Example report that can be generated. Sorted descending by number of function calls. Reports can be sorted by number of calls, duration, or mean duration in either ascending or descending direction by providing arguments to the reporting functions.
| Rank | Function Name | [-] Calls | [v] Local Duration (us) | [-] Mean Local Duration (us) | [-] Local + Child Duration (us) | [-] Mean Local + Child Duration (us) |
|---|---|---|---|---|---|---|
| 1 | Smart2 | 3 | 922 | 307 | 922 | 307 |
| 2 | Smart1 | 2 | 724 | 362 | 1470 | 735 |
| 3 | MAIN | 1 | 9 | 9 | 1672 | 1672 |
Tracing can be done at any point in the code using the tracing function to generate output like below.
[Stack MySession]: main --> Smart1
[Stack MySession]: main --> Smart1 --> Smart2
[Stack MySession]: main --> Smart1 --> Smart2
[Stack MySession]: main --> Smart1
[Stack MySession]: main --> Smart1 --> Smart2
[Stack MySession]: main --> Smart1 --> Smart2
[Stack MySession]: main --> Smart2
Entry and exit tracing can be done by specifying the boolean variable to show the stack at object creation for tracing like below.
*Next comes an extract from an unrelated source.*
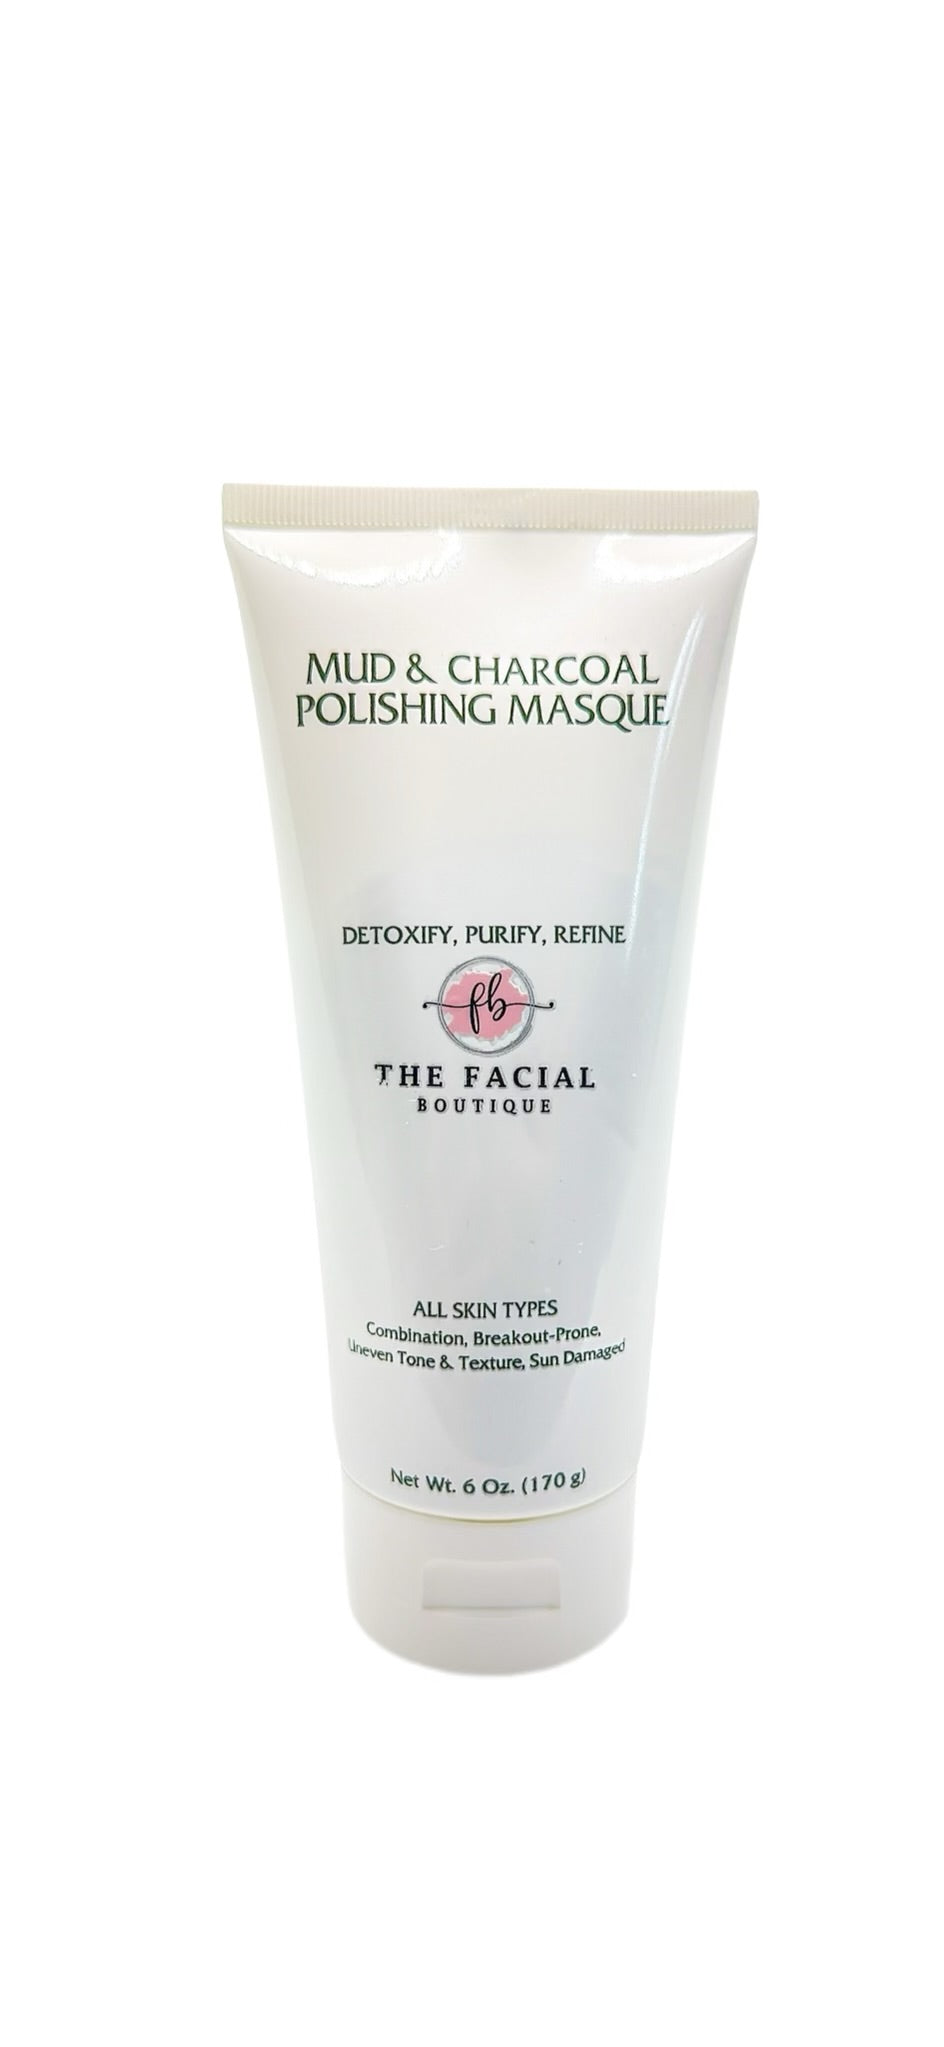 Reveal Your Skin's Natural Glow with The Facial Boutique’s Mud & Charcoal Polishing Masque at Beauty Room Destin

Note that the option is specific to each function.
[Stack TestSession]: MAIN --> Smart1: Enter
[Stack TestSession]: MAIN --> Smart1 --> Smart2: Enter
[Stack TestSession]: MAIN --> Smart1 --> Smart2: Return
[Stack TestSession]: MAIN --> Smart1: Return
[Stack TestSession]: MAIN --> Smart1: Enter
[Stack TestSession]: MAIN --> Smart1 --> Smart2: Enter
[Stack TestSession]: MAIN --> Smart1 --> Smart2: Return
[Stack TestSession]: MAIN --> Smart1: Return
[Stack TestSession]: MAIN --> Smart2: Enter
[Stack TestSession]: MAIN --> Smart2: Return
Benchmarking is conducted using the Google Benchmark library. The benchmark looks at toggling the timer for a random function that already exists in the stack, the same function continuously that already exists, and a function that is newly created on a stack. It is expected that the former is the most likely case.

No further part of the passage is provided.